By Denise Dick
Taft Elementary School fourth-grade twins Ja’Liya and Ja’Mya Jackson, 11, like getting their hands dirty.
They are members of Taft Grows Green, the 4-H club formed at the school last fall. Members planted herbs, radishes, tomatoes and other vegetables Wednesday in a vacant lot across the street from the school.
Ja’Liya said she plans to eat the veggies they grow in the garden, and Mark Revere, 10, a fourth-grader, said he looks forward to sampling the parsley on some potatoes.
“I had that once at Golden Corral,” he explained.
Laurie McEwan, a fourth-grade teacher, volunteered to be the 4-H club adviser when city Councilman John R. Swierz, D-7th, approached the city about starting a club and planting a garden.
“It’s the only 4-H club in the city school system,” Swierz said.
He hopes it grows and becomes a community garden. The effort involves the city and school, Mahoning County’s Ohio State University Extension Office, the Taft School Area Block Watch and the Seventh Ward Citizens Coalition.
McEwan, who lives in North Lima, approached South Range High School, where many students are 4-H members, and was connected with junior Christian Moore.
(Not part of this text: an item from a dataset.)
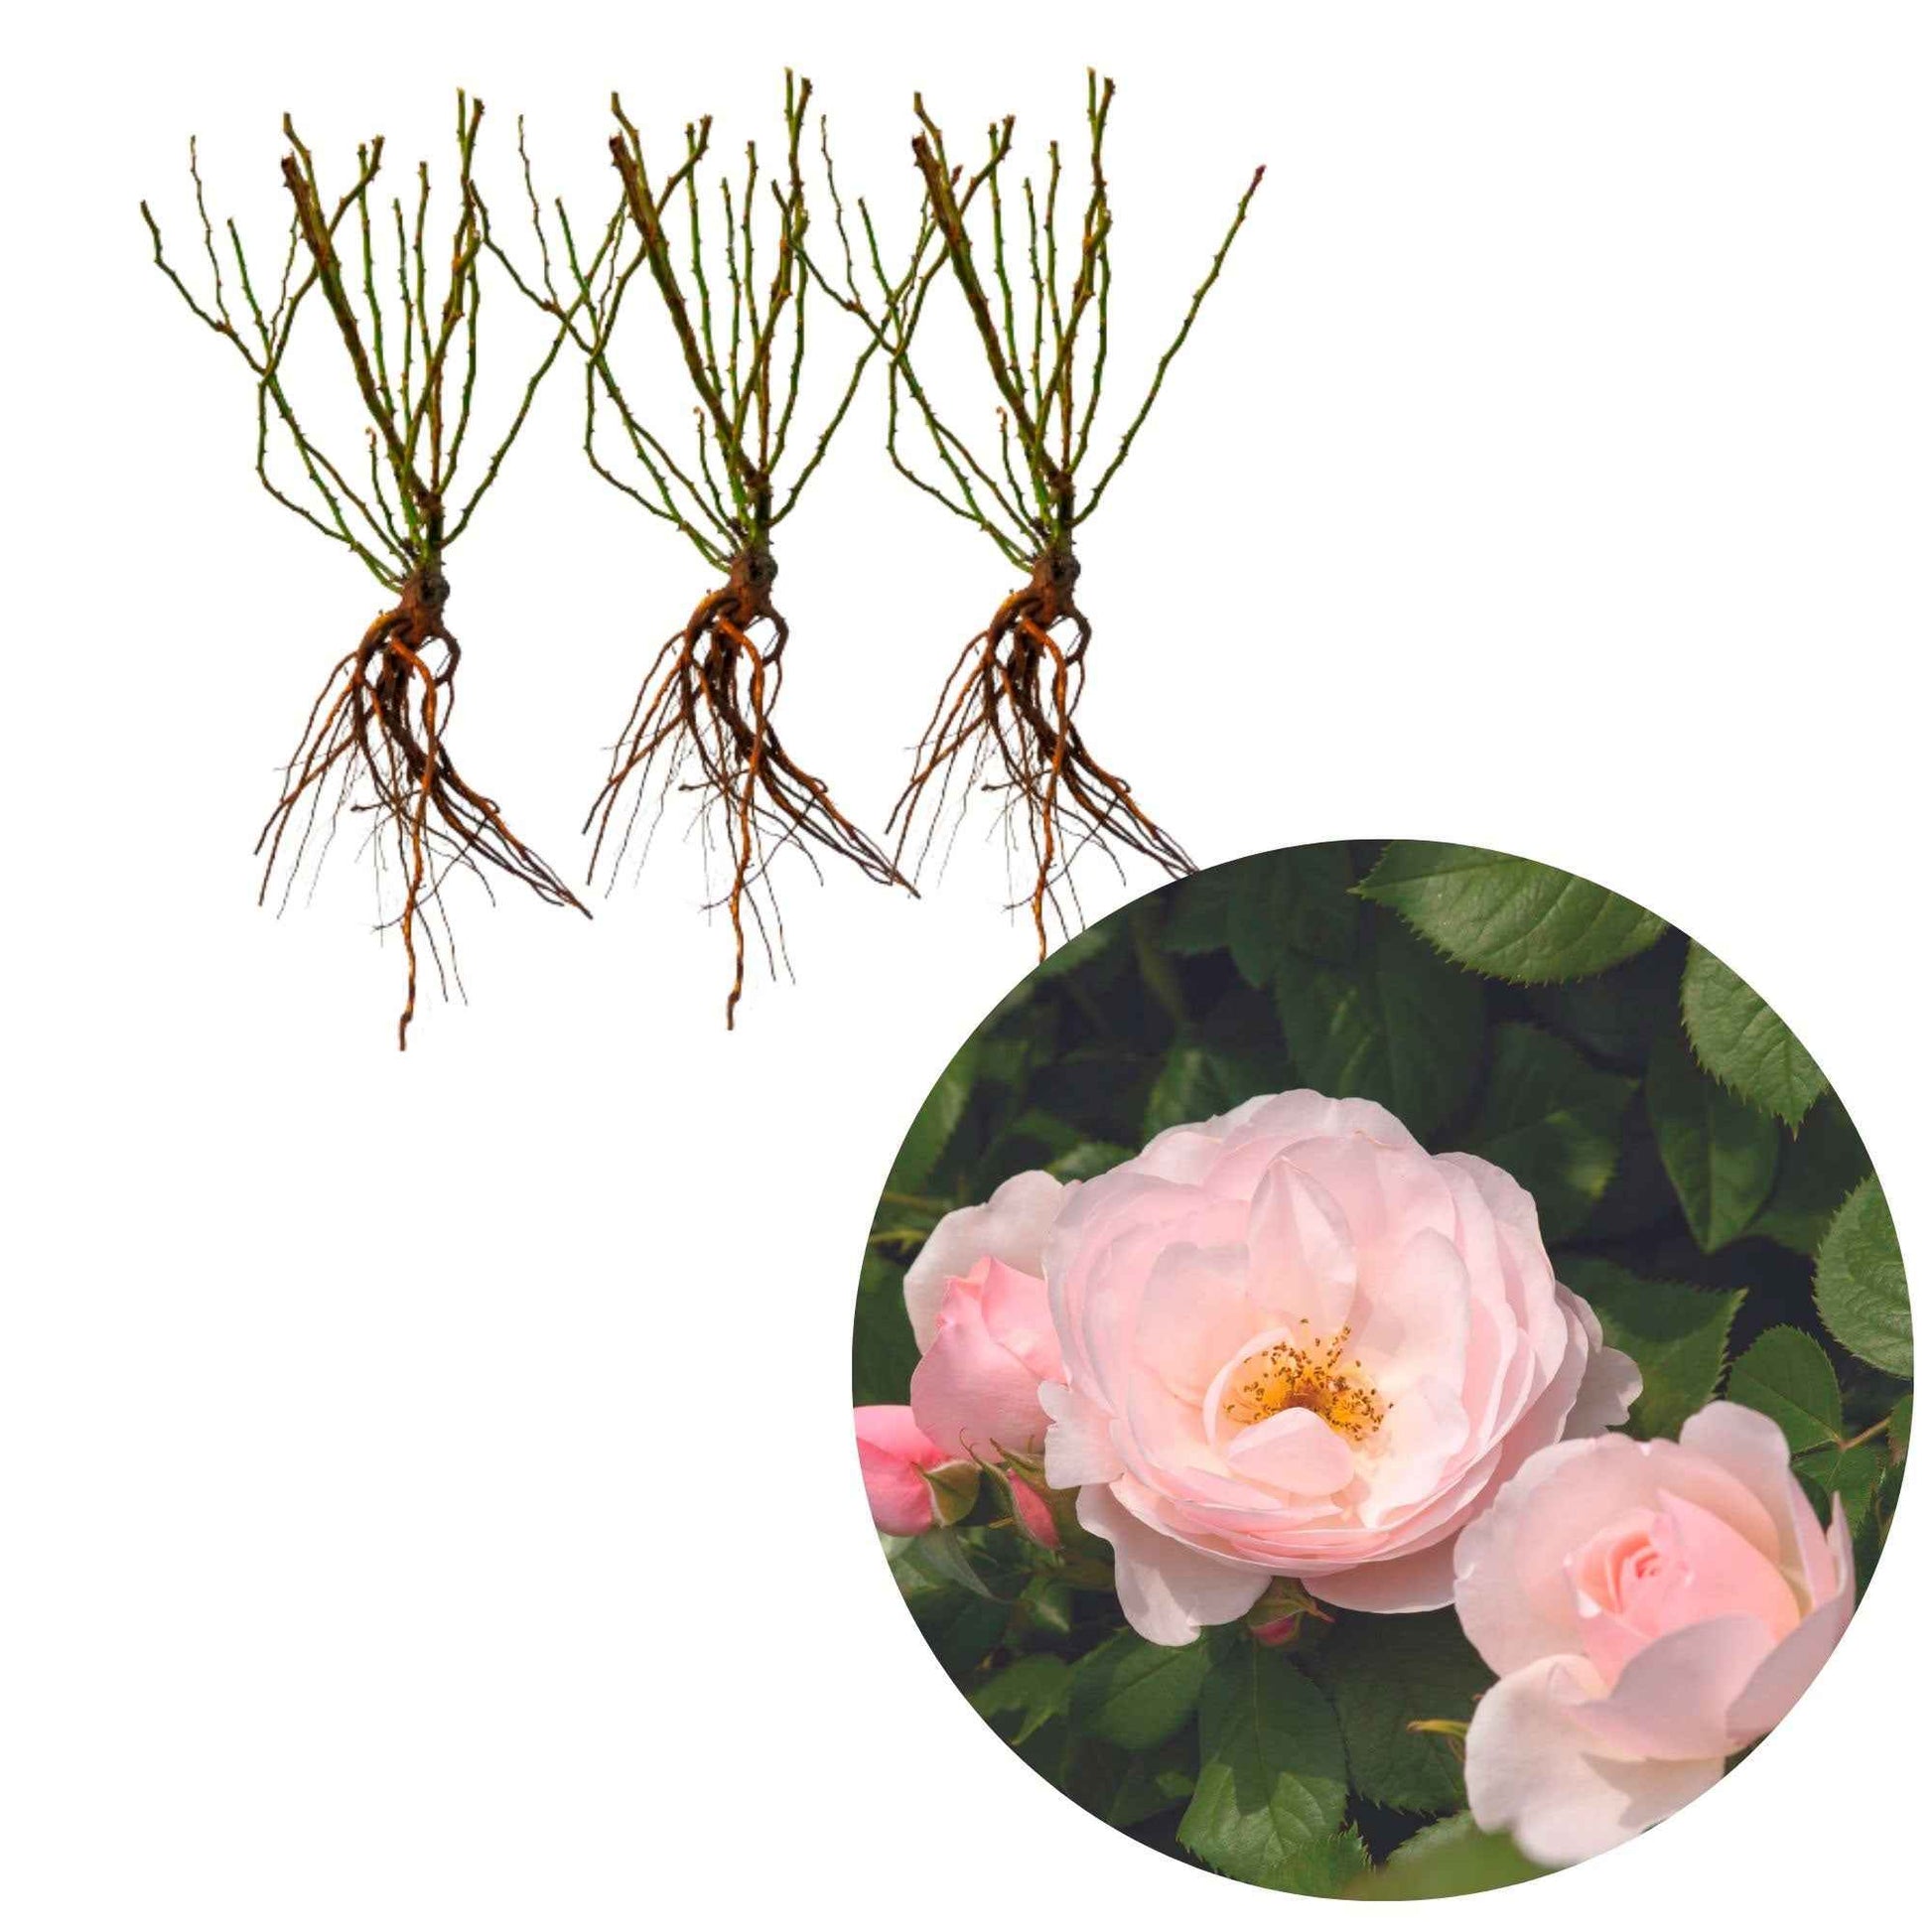 3x Roses Rosa 'Pear'® Rose  - Plants à racines nues - Plantes rustiques

Christian is working with the city club and the garden as his senior project.
He and Jason Baker from OSU Extension showed the students how to prepare the soil, the proper depth for planting and the right way to use gardening tools.
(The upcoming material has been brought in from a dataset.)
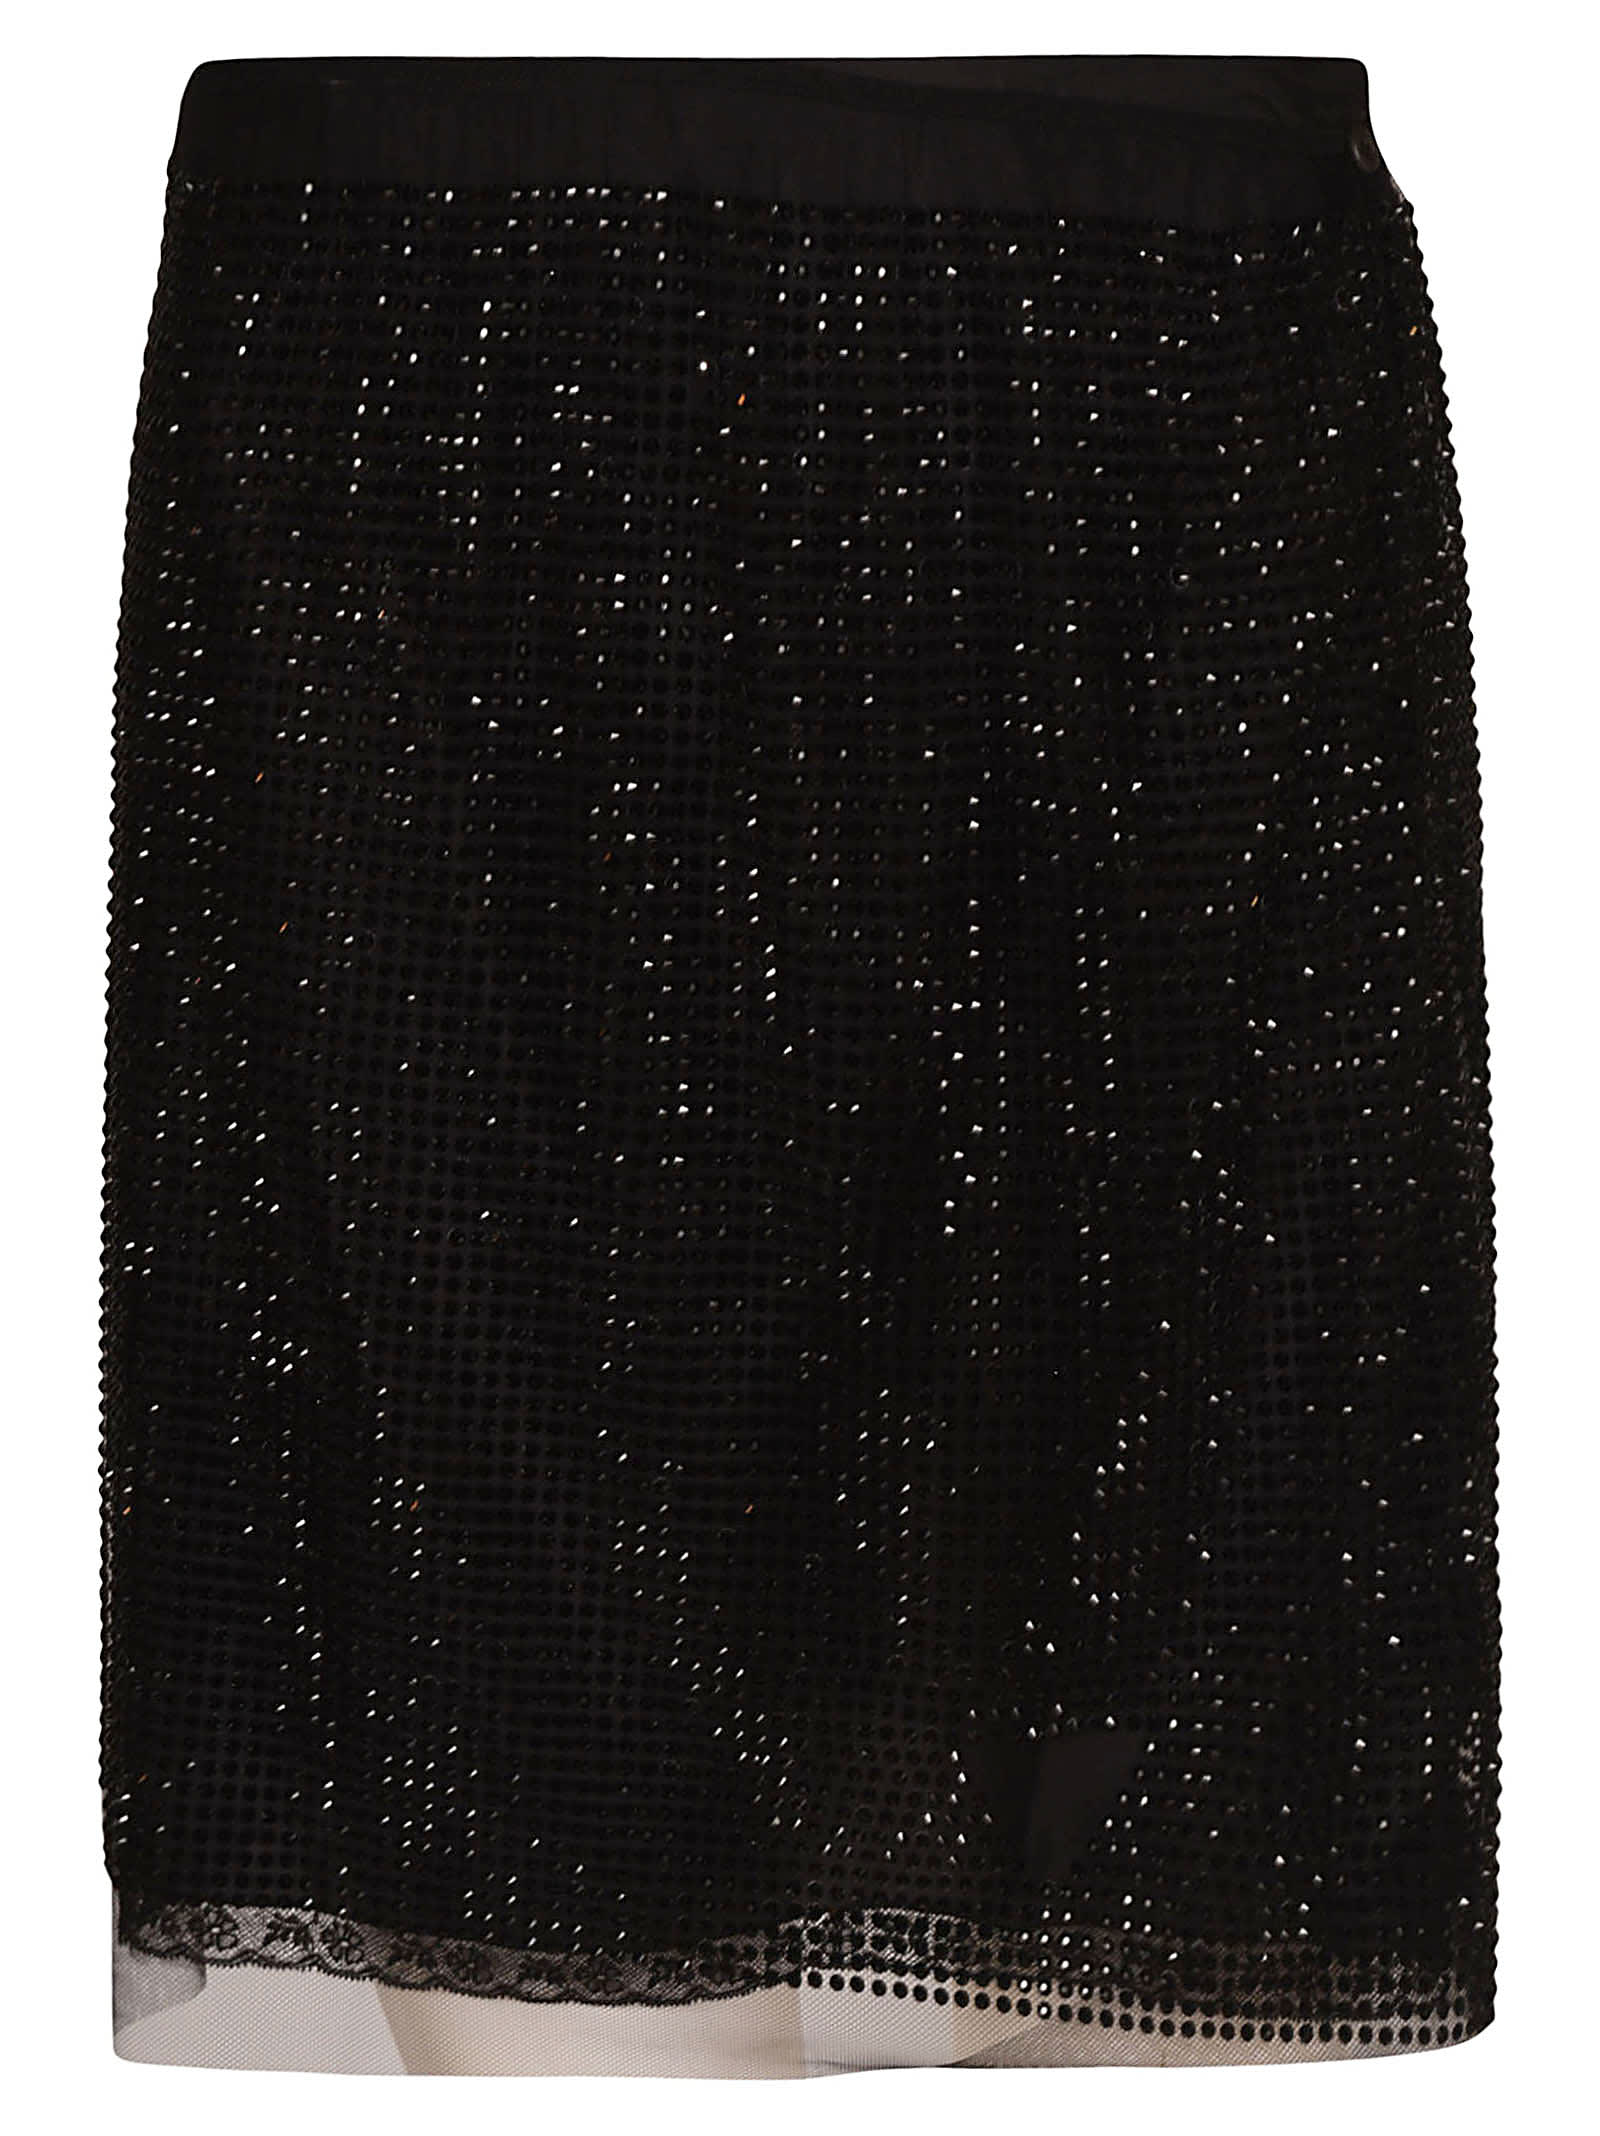 Prada Embellished Tulle Skirt

McEwan said that before the planting could begin, students had to ensure the soil was safe. They took soil samples and sent them for testing. The tests showed no problems.
Club president Taylor Lofton and vice president Destiny Gregory, both 11 and in fifth grade, lead the club meetings in the Pledge of Allegiance and the 4-H Pledge at each meeting, which occurs after school twice monthly.
“The students love it,” McEwan said.
Members were selected from students who live close to the school because the garden must be watered and maintained through the summer.
Eleven students belong to the club, and McEwan hopes more get involved next year.
“We want to enter some things in the Canfield Fair, but that will probably have to wait until next year,” the teacher said.